17. Table of Brand Names, Manufacturer, and Prices in USD
Brand Name | Manufacturer | Strength/Dosage Form | Price (USD) |
---|---|---|---|
Lopressor | Novartis | 50 mg Immediate-Release | $15 (30 tablets) |
Toprol XL | AstraZeneca | 100 mg Extended-Release | $30 (30 tablets) |
Generic Metoprolol | Various | 50 mg Immediate-Release | $10 (30 tablets) |
Betaloc | AstraZeneca | 5 mg/mL Injectable Solution | $20 (10 ampoules) |
18. 15 FAQs (Frequently Asked Questions)
1. What is Metoprolol?
Metoprolol is a beta-blocker used to treat high blood pressure, angina, heart failure, and arrhythmias.
2. How does Metoprolol work?
It blocks beta-1 adrenergic receptors, slowing the heart rate and reducing the workload on the heart.
3. What is the difference between Metoprolol tartrate and Metoprolol succinate?

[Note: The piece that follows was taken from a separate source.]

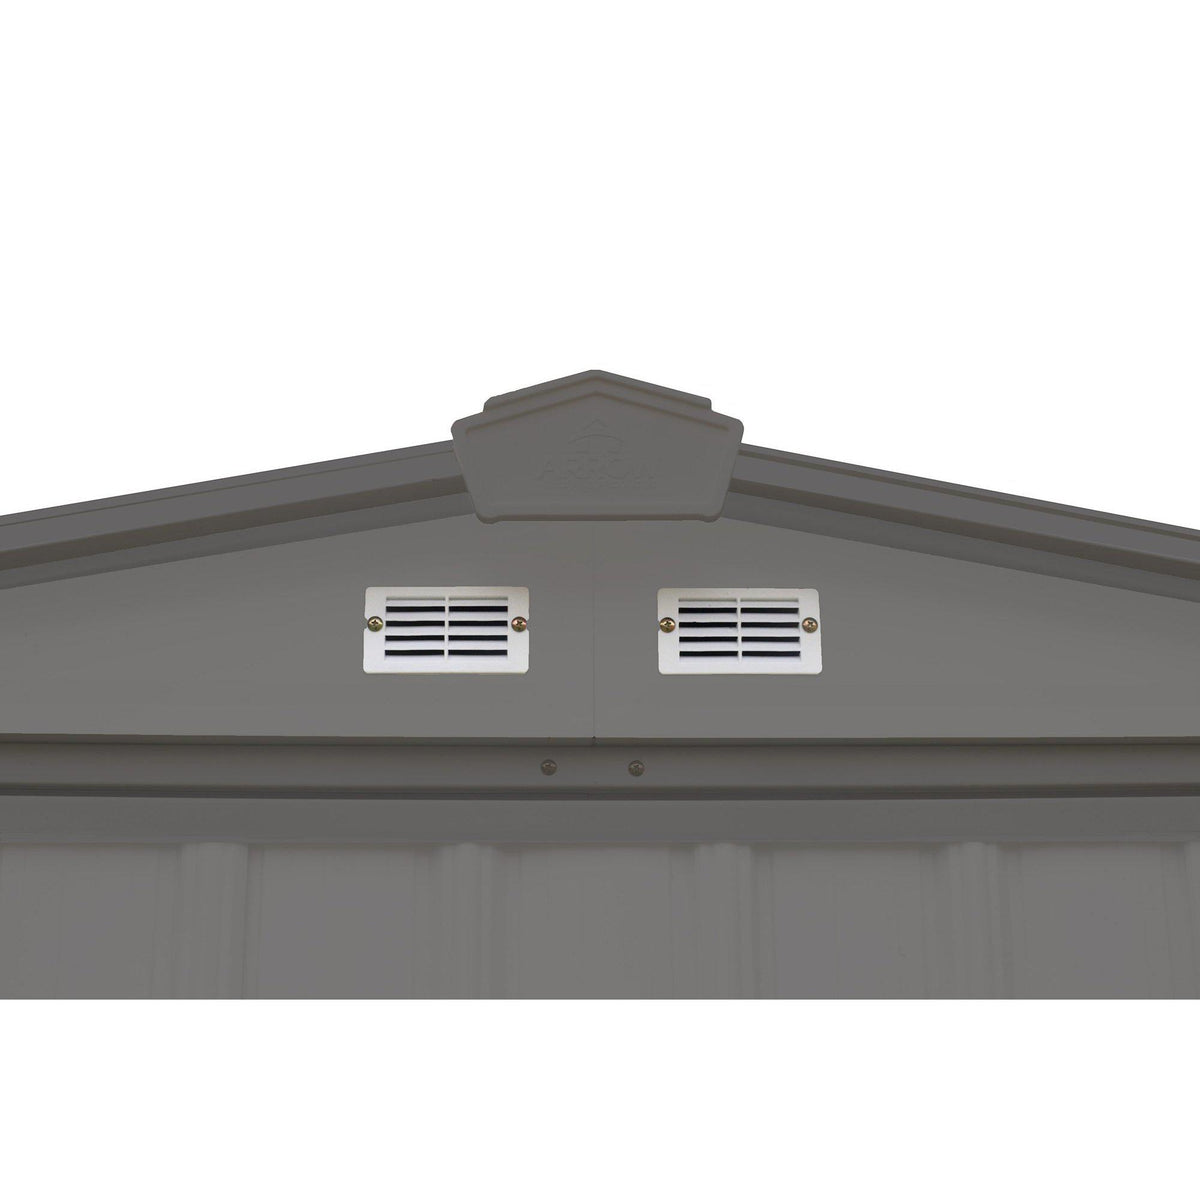 Arrow EZEE Shed Low Gable Steel Storage Shed, Charcoal, 6 x 5 ft.

Metoprolol tartrate is an immediate-release formulation taken multiple times daily, while metoprolol succinate is an extended-release formulation taken once daily.
4. What is the usual dose of Metoprolol?
Doses range from 25–200 mg daily depending on the condition being treated.
5. Can Metoprolol be taken during pregnancy?
Metoprolol is used cautiously in pregnancy due to potential risks like fetal growth restriction.
6. Is Metoprolol safe for children?
Yes, it is approved for hypertension in children ≥6 years.
7. Can Metoprolol cause weight gain?
Weight gain is not a common side effect, but fluid retention in heart failure patients may occur.
8. What are the most common side effects of Metoprolol?
Fatigue, dizziness, and bradycardia are common side effects.
9. Can Metoprolol be stopped abruptly?
No, stopping it suddenly can cause rebound hypertension, angina, or heart attack. Tapering is advised.
10. Can Metoprolol interact with other medications?
Yes, it interacts with calcium channel blockers, digoxin, NSAIDs, and antidiabetics.
11. How should Metoprolol be stored?
Store at room temperature away from moisture and heat.
12. Can Metoprolol be used in asthma patients?
Use with caution as it may cause bronchospasm, although its beta-1 selectivity reduces this risk.
13. Can Metoprolol cause erectile dysfunction?
Yes, erectile dysfunction is a possible side effect.
14. How quickly does Metoprolol work?
Immediate-release formulations start working within 1–2 hours, while extended-release takes effect within a day.
15. Is Metoprolol a lifelong medication?
It depends on the condition. For chronic diseases like hypertension or heart failure, long-term use may be required.